МАТЬ: Тебе никогда не надоест задавать вопросы?
НЕИЗВЕСТНЫЙ: Никогда! понимаешь, я тоскую по свету!
МАТЬ: Тогда ступай и ищи! мир тебе!"

Август Стриденберг
"По дороге в Дамаск"

   Я сидел на затрапезном лежаке, который почему-то назывался диваном и пялился в усталый глаз телевизора.
   Страшные жирные негритянки истекали соком  на пиджаки безобразных небритых негров. никогда по MTV ничего путного не увидишь. Я не против негроб, не дай Б-г! Я против MTV!
   Мне до боли хотелось с кем-нибудь поговорить. написать письмо. Всё в этой жизни чертовски перемешалось. Хрустальные бокалы поблескивали в зеркалах, всё ярче вспыхивая от неловкости - по ящику всё ещё сверкали волосатые чёрные ляжки.
   Чёрта с два я куда напишу!
   Часы медленно вертели маятником.
   Мышцы лица сводило желанием скукситься и зареветь.
   По детски.
   Тогда все обратят анимание и обязательно, смягчившись, дадут что только захочешь.
   Но чёрта с два я дам кому-нибудь шанс позлорадствовать, почёсывая засаленные яйца.

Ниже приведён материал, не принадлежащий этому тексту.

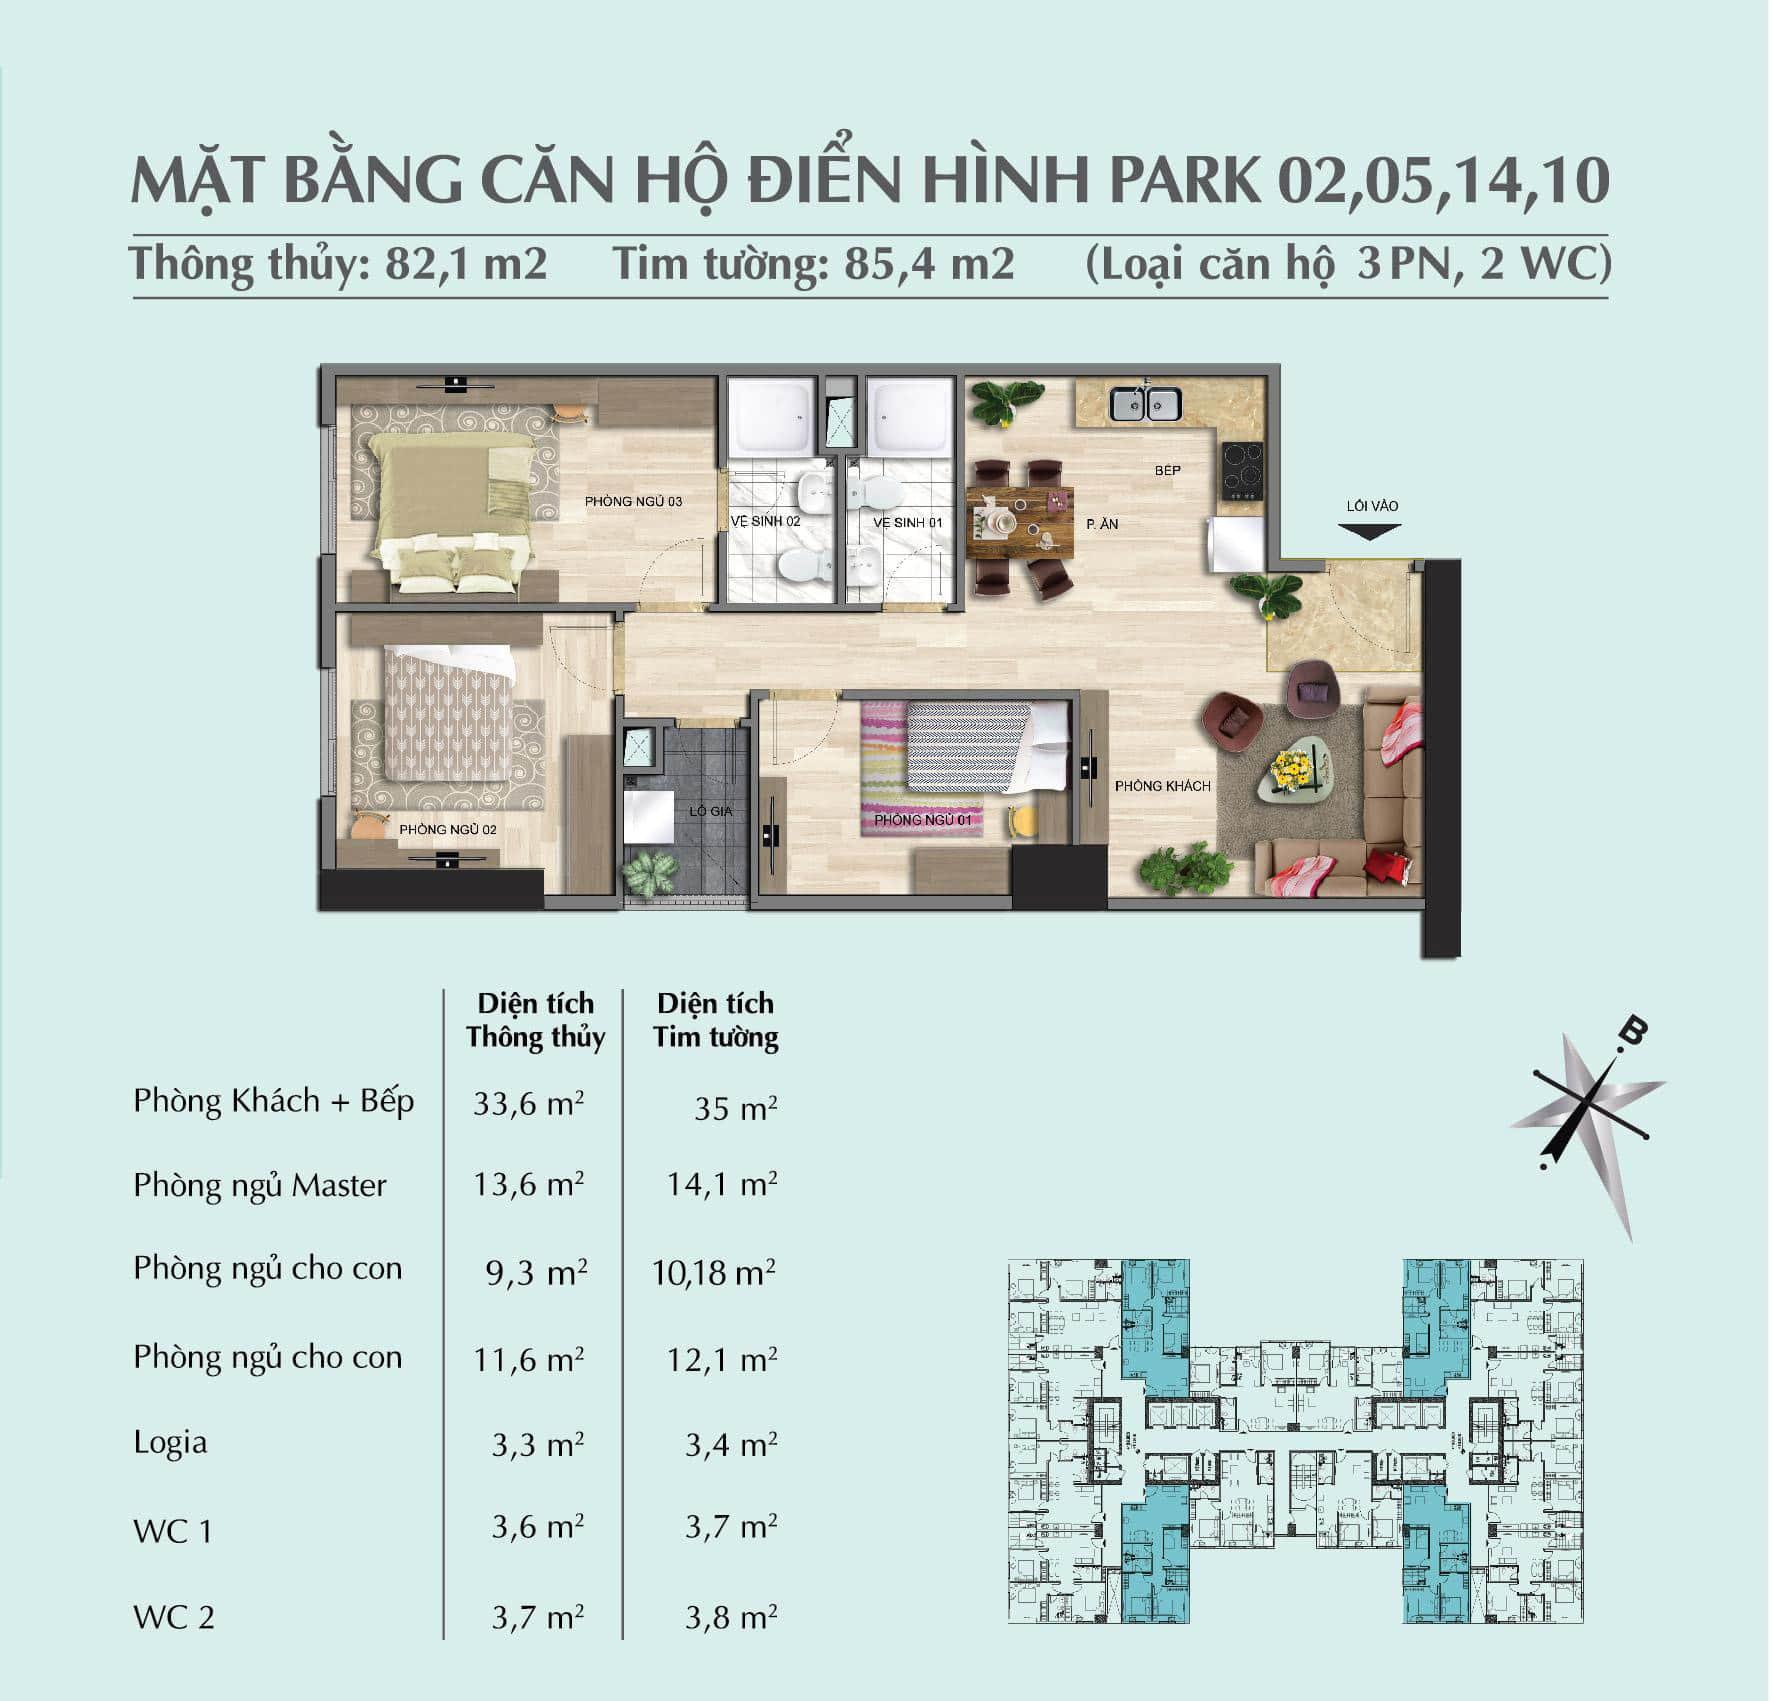 Thiết kế căn 82,1 m2 tòa Park 1 + 2 + 3chung cư Eurowindow River Park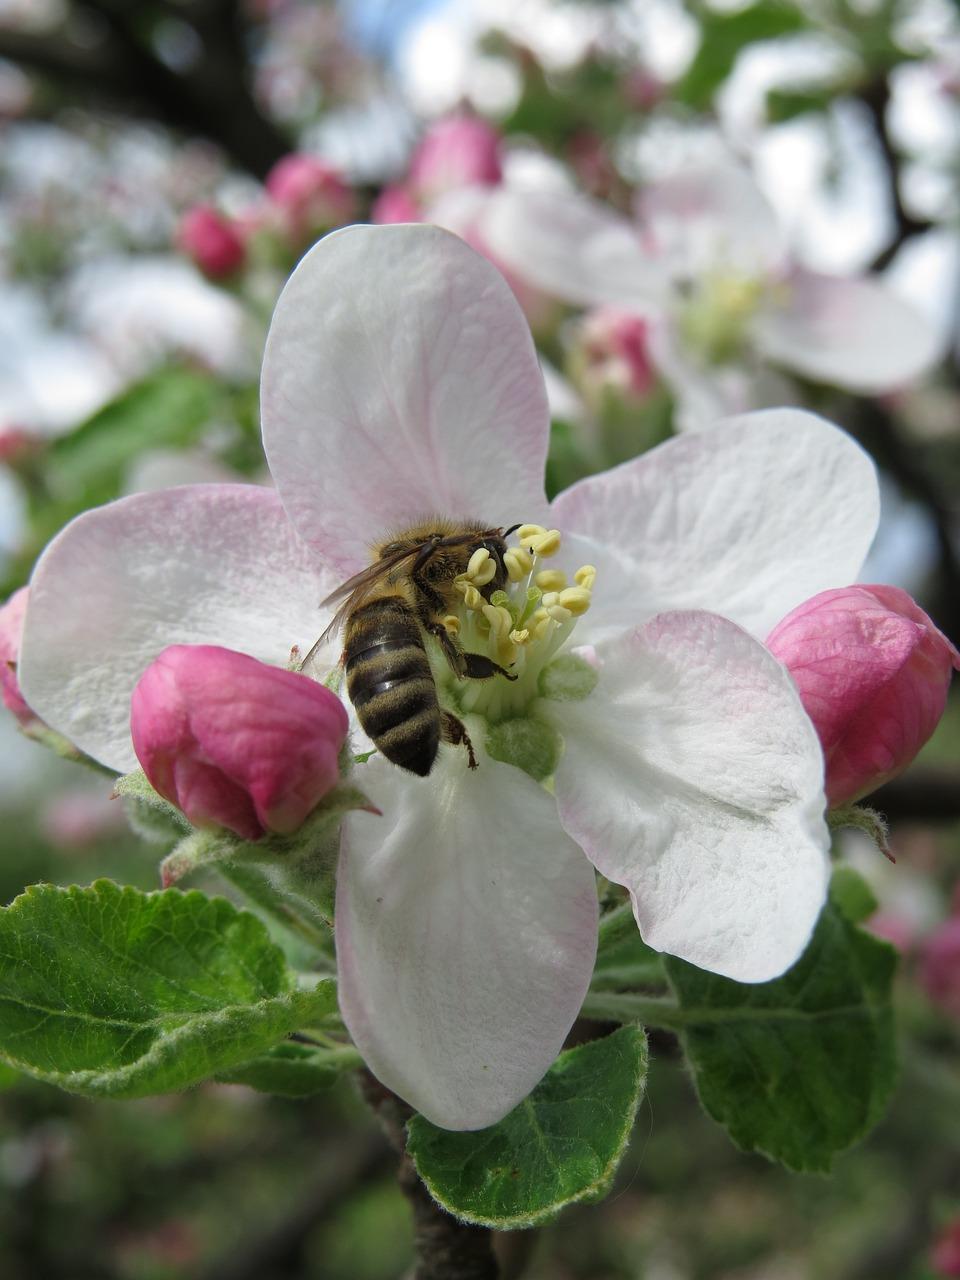 средних картинка пчела на цветке яблони ранних советов

Свои и соседа.
   Чёрта с два!
 

   Мой ангел смерти это - красота.

   Боюсь быть привязанным к везам, людям. связям... Всё приходится рано или поздно терять.
   И встанет дилемма.  Или искать снова и снова, и никогда не найти и не остановиться. И жизнь прожить в бесплодных поисках рая. Стать злым, нервным и перестать верить миру.
   Или же пытаться удержать неудержимое. Обманывать себя, что порой это удаётся и вновь искать и искать новые способы, сначала удержать, а потом удержаться. Стать нервным, злым, перестать верить миру...
 

   Я сижу на станции и смотрю...
   Поезда уносятся в одну сторону. время в другую, а я сижу на станции. ещё многое может произойти.
   Я не знаю сколько мне лет. Но я ещё не стар. Оборачиваюсь.  В отполированном стеклк вокзала отражаюсь. Если верить зеркалу, мне где-то четверть века. Отворачиваюсь. пытаюсь поймать ощущение возраста. Мне кажется сто я его ровесник - века. Наверное и это ещё не старость. всё ещё может произойти.
   ... Поезда уносятся в одну сторону, время в другую...
   Я не знаю зачем я здесь и кто я. Но очевидно я мужчина. Хотя и этому, пожалуй, не стоит доверять. Всё ещё может произойти.
   Может встречу кого-то, кто меня  знает, всё встанет на свои места. Почему-то чувствую, что мне жиого не хочется.
  Старушка присаживается рядом, поправляет чулок.
 - Бабушка, вам шум в моей голове не мешает?
   Вскакивает. Убегает, шатаясь смешно.
   Всё ещё может произойти. Может кто-то встретится со мной взглядом. Подойдёт, возьмёт за руку:
 - Нам с тобой, друг, попути...
   Или наступит конец  света. И всё умрёт. И я умру. Жалко, что я в любом случае умру. Вообще жалко, что люди умирают. Каким милосердием нужно обладать, чтобы выдумать смерть?
   Всё ещё может случиться..
   А может уже всё случилось? Когда-то? И остальное лишь цепочка последствий? Жизнь оттолкнулась от факта и понесла. Несёт. Туда ли, куда убегает время. Туда, ли, куда уносятся поезда. И уеду я со станции "Рай". Уйду в ещё существующее. И буду там.
   Всё ещё может случиться.
 

   - Как! И после стольких лет одиночества у тебя есть, что сказать в защиту людей?
 - Защита нужна индивидуумам, люди же в ней не нуждаются. Толпа безлика и права. Всегда.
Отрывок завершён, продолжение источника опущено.